Eurozone’s Falling Currency Risks Stoking Inflation

  • The falling euro could stoke hotter inflation, German Finance Minister Christian Lindner warned.
  • The European Central Bank should raise benchmark rates to prop up the currency, he added.
  • The euro is close to reaching parity with the dollar for the first time in 20 years.

German Finance Minister Christian Lindner warned the weak euro could worsen inflation and urged the European Central Bank to raise rates to strengthen the currency.

On Friday, the euro exchange rate with the dollar was hovering around $1.05, down about 7% year to date and 14% below year-ago levels. The euro is close to reaching parity with the dollar for the first time in 20 years as the

Federal Reserve

lifts rates while the ECB has yet to tighten. 

“Inflation risks [in Europe] emerge from the development of the external value of the euro, especially in view of central bank policy in the US,” Lindner told reporters on Friday. He added that inflation threatens “future economic development” that Europe desperately needs.

While a weaker currency can make a country’s exports more competitive, it makes imports more expensive, adding to inflationary pressures.

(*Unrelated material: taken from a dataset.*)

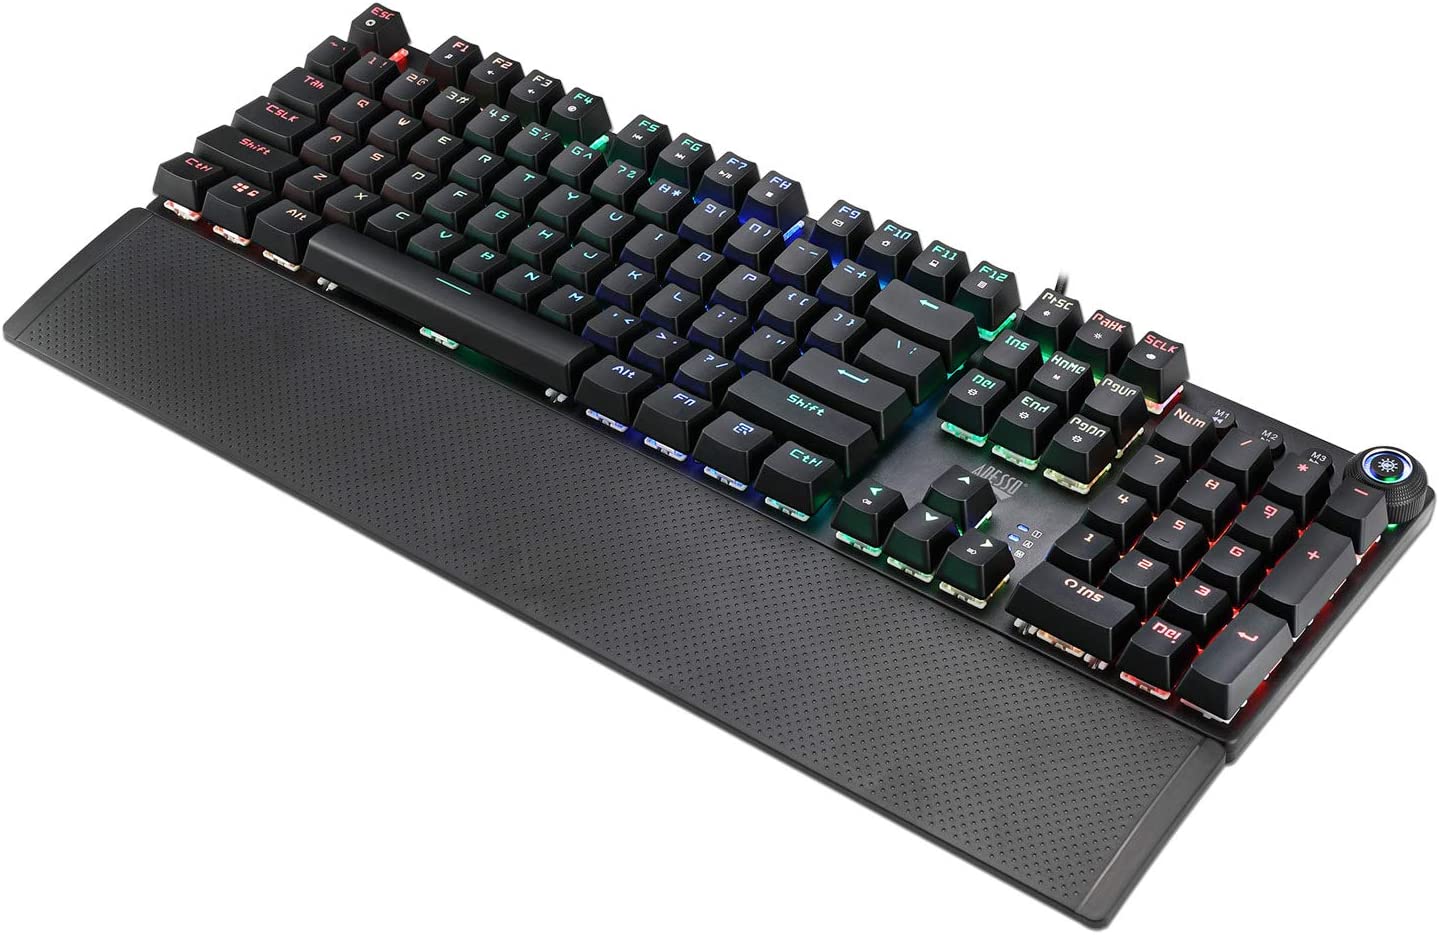 Adesso AKB-650EB Programmable Mechanical Gaming Keyboard

The ECB has kept key interest rates negative even as inflation runs at a 7.4% clip. Joachim Nagel, Germany’s central bank governor and member of the ECB’s rate-setting committee, suggested that the ECB could raise rates as high as 0.5 percentage points in July, which is above the expected 0.25-point hike. 

Lindner threw his full support behind such a move, and said he thinks “more steps will quickly follow.”

The euro launched in 1999 and traded below the dollar in the early years. But the euro rallied and eventually soared to a peak of roughly $1.58 in March 2008. 

Easy-money policies from the Federal Reserve helped keep the euro above the dollar, but that’s taking a hard turn in the other direction. The Fed has hiked rates by 0.75 basis points, and expectations for an aggressive cycle of continued increases have sent US bond yields surging.

That’s lifted the dollar against the euro as well as the world’s other top currencies. Russia’s war on Ukraine as well as broader market turmoil have also sent investors flocking to the safe haven of the dollar. A weakening eurozone economy is also dampening expectations for aggressive ECB rate hikes.